● DATASET SECTION:
----
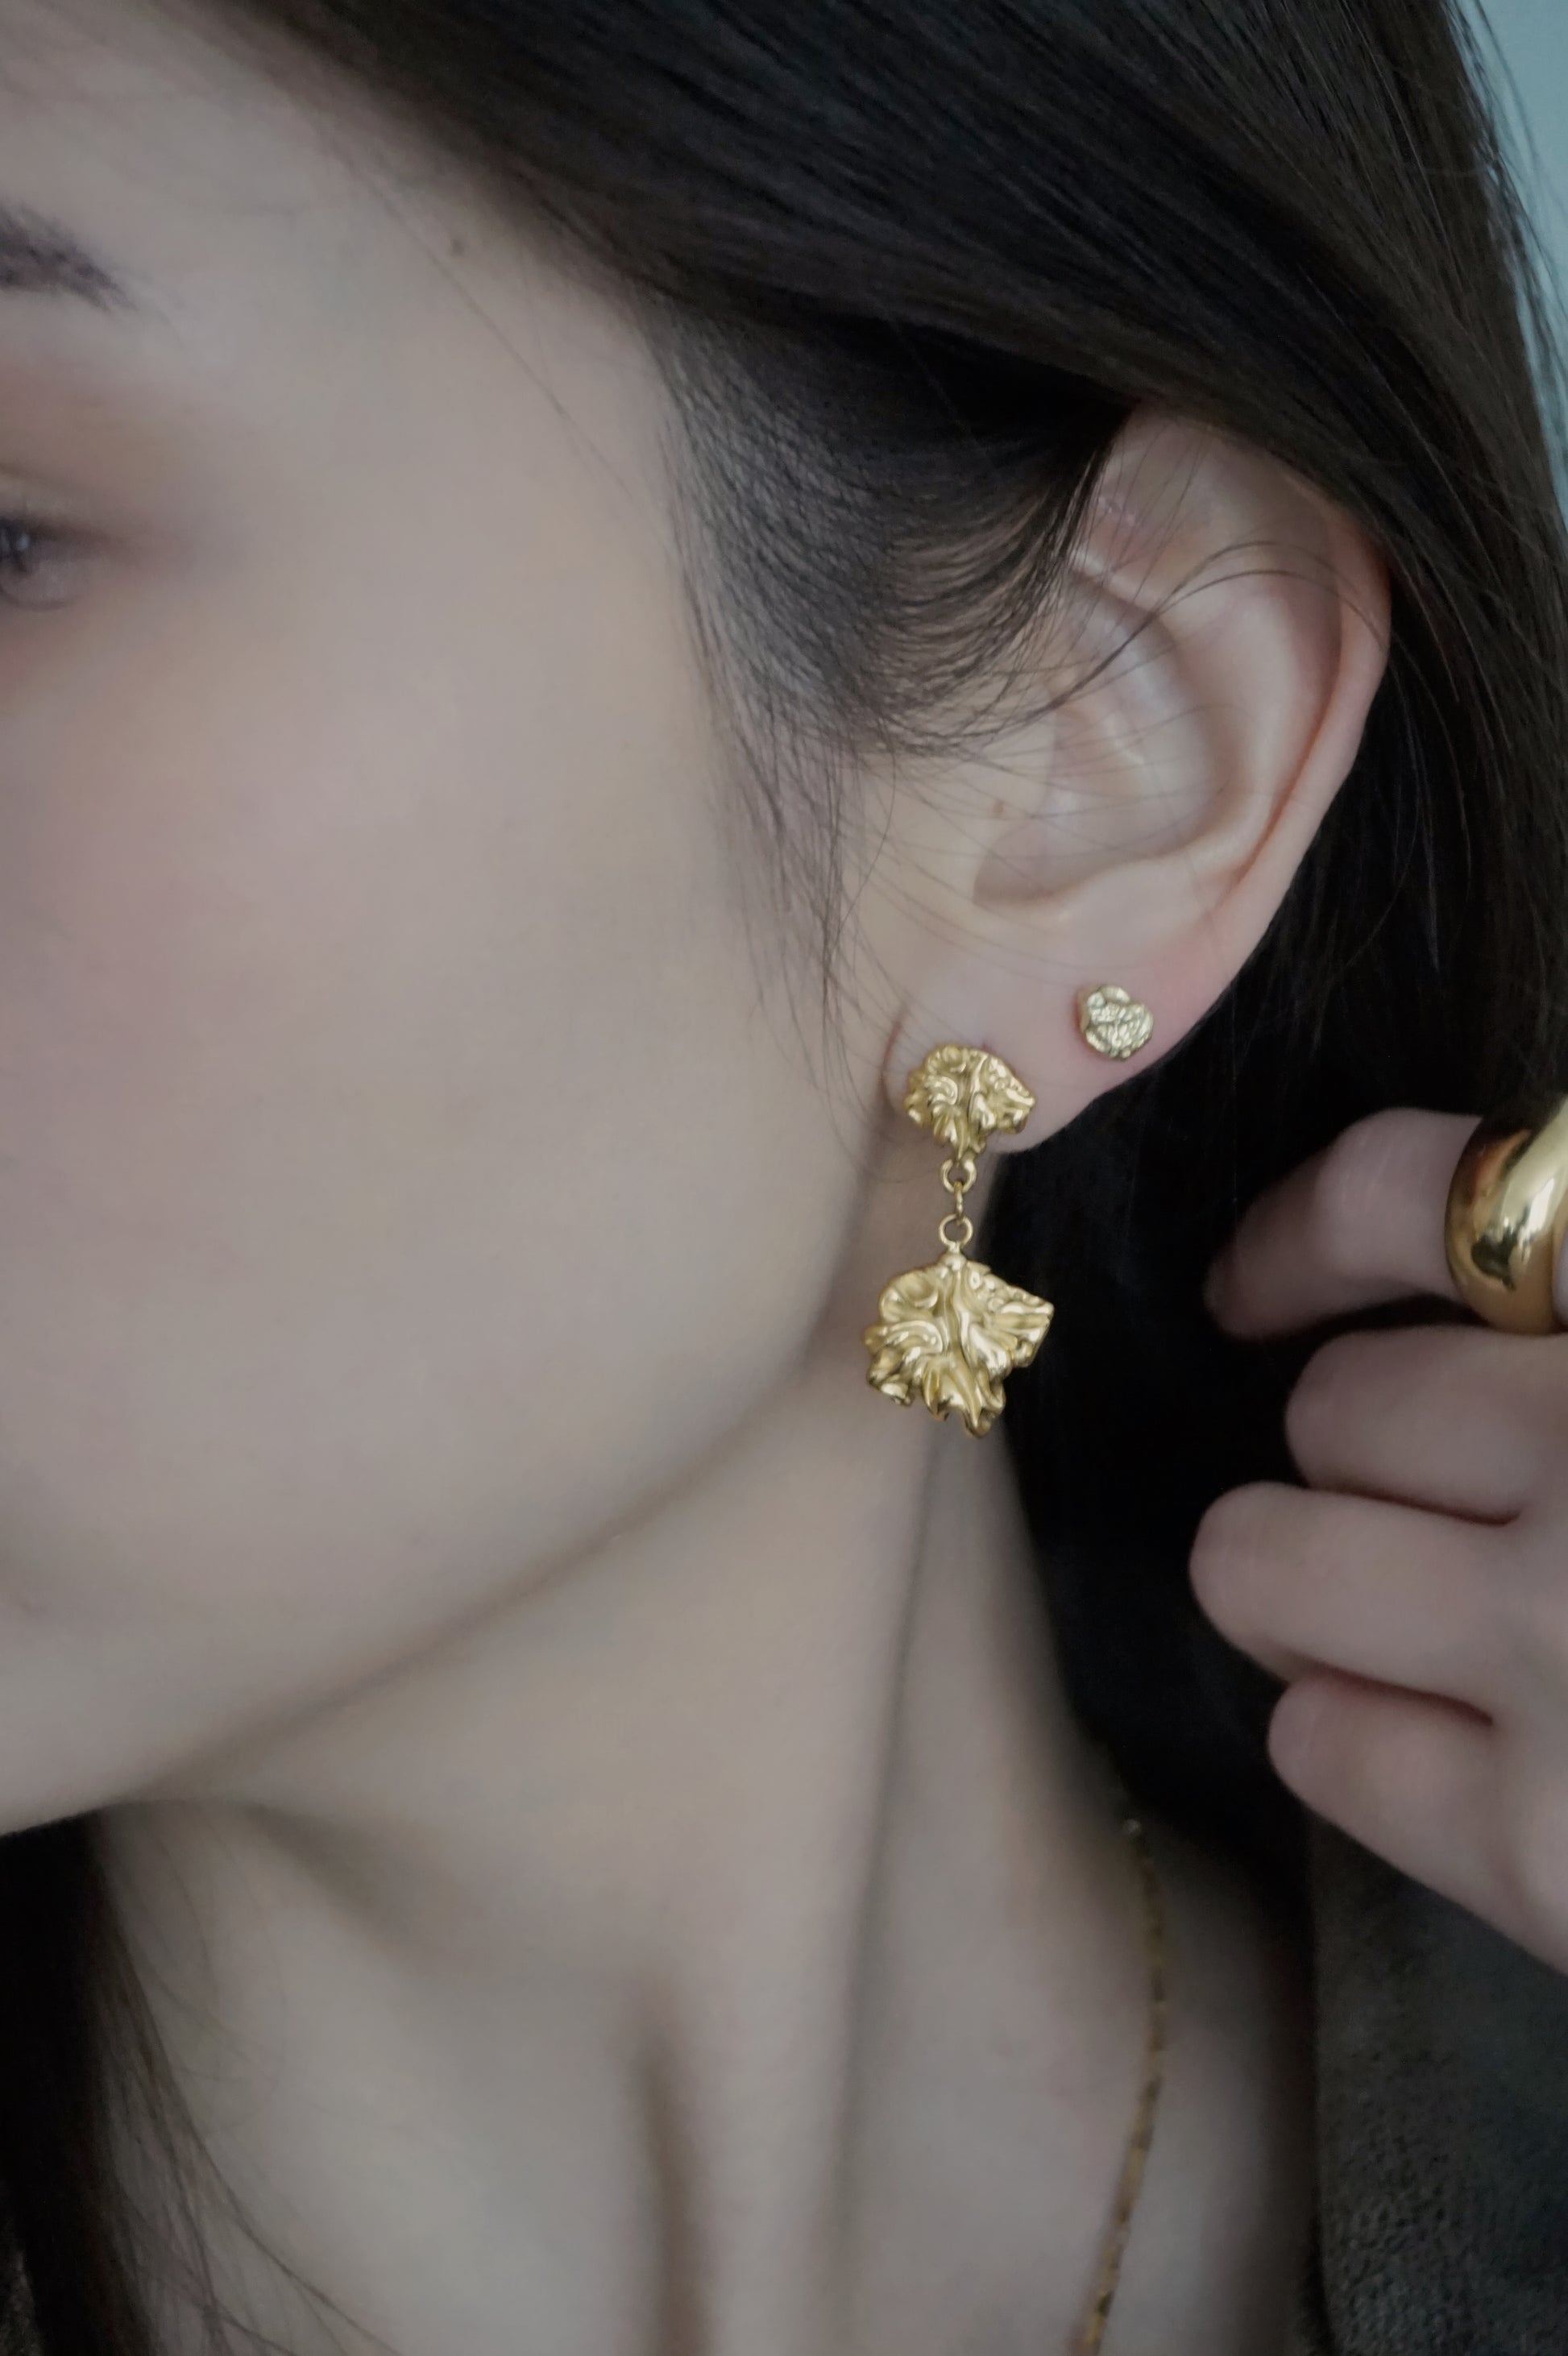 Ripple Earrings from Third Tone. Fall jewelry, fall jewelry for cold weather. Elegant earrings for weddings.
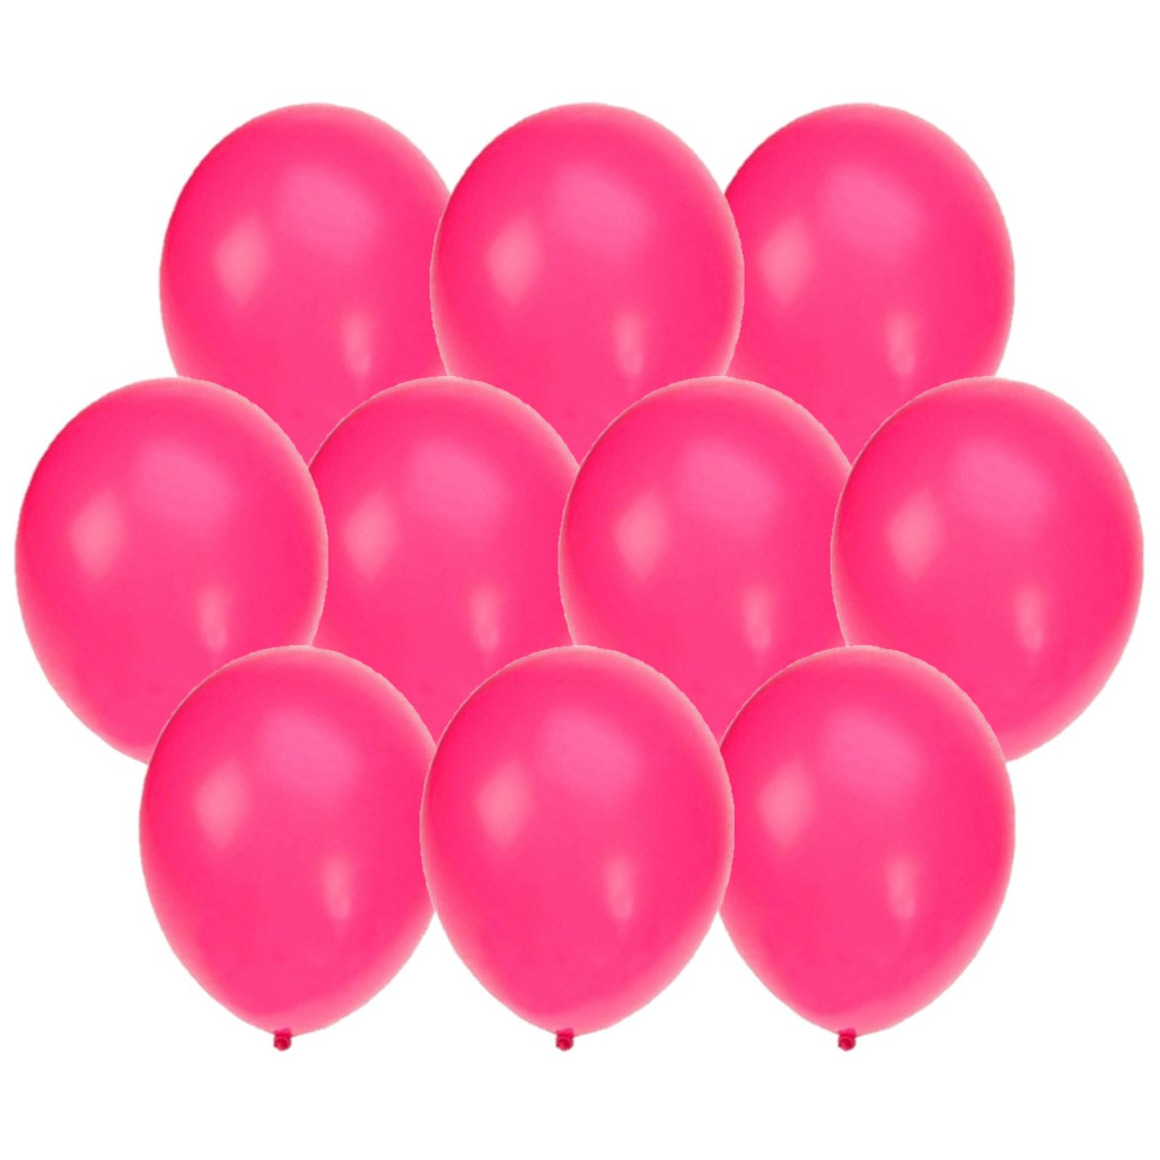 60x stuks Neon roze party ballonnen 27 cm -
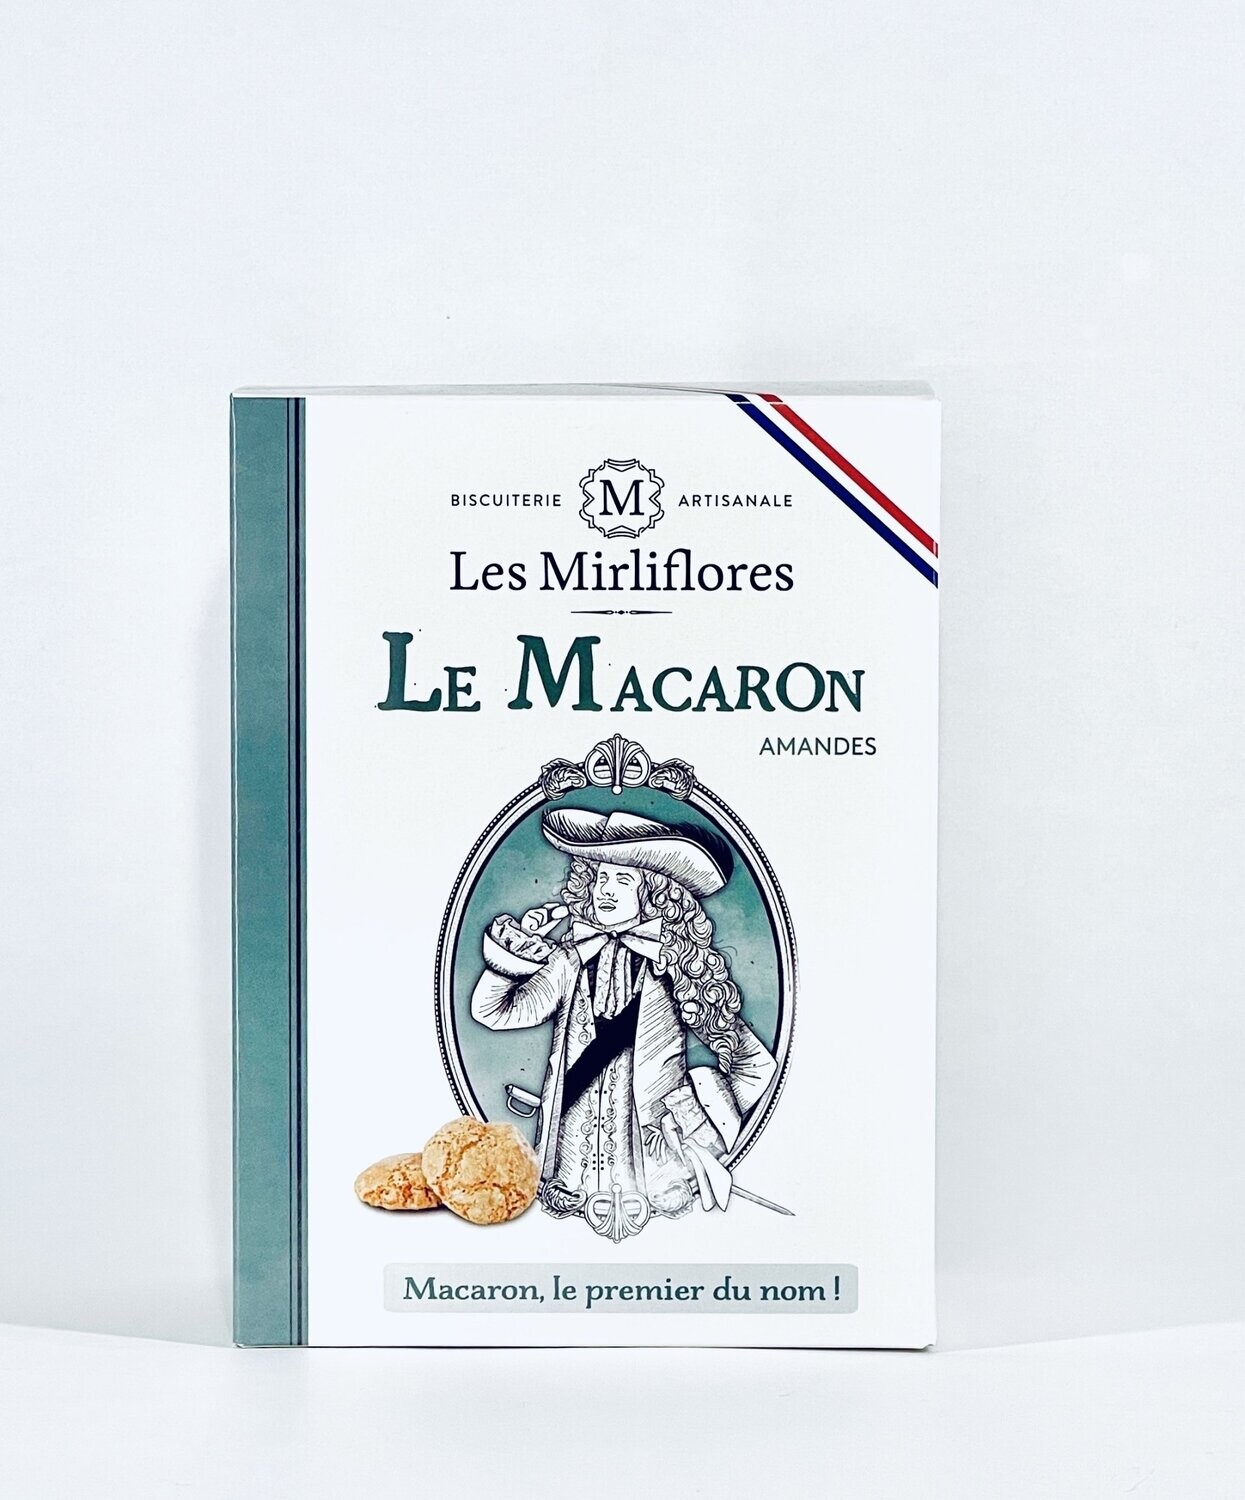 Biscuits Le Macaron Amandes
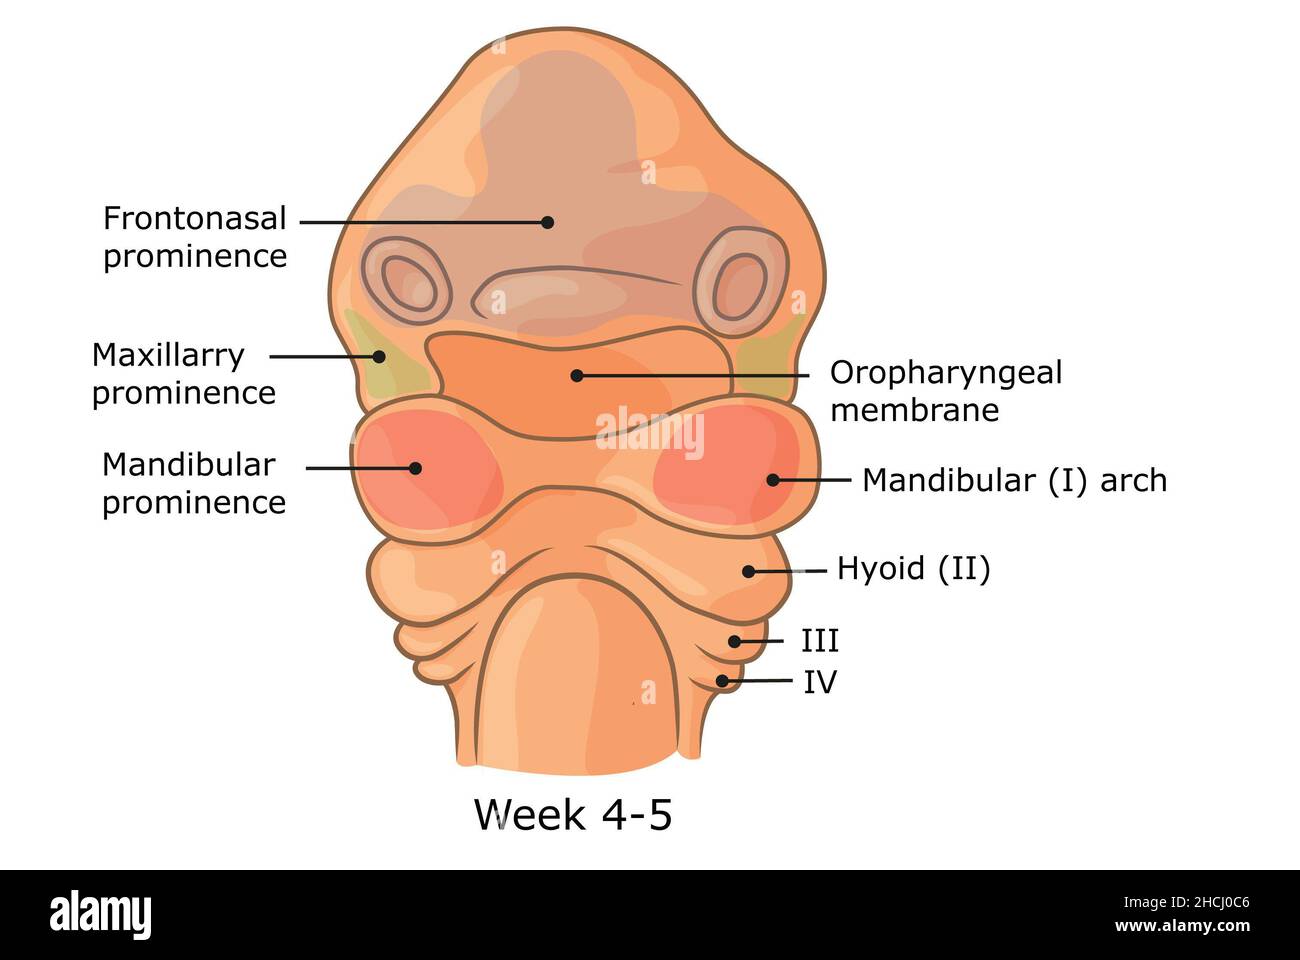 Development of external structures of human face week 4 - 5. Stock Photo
----
● YOUR OBJECTIVE:
Pictures aside, reproduce the listing above exactly.

● RESPONSE TO THE TASK:
 Ripple Earrings from Third Tone. Fall jewelry, fall jewelry for cold weather. Elegant earrings for weddings.
 60x stuks Neon roze party ballonnen 27 cm -
 Biscuits Le Macaron Amandes
 Development of external structures of human face week 4 - 5. Stock Photo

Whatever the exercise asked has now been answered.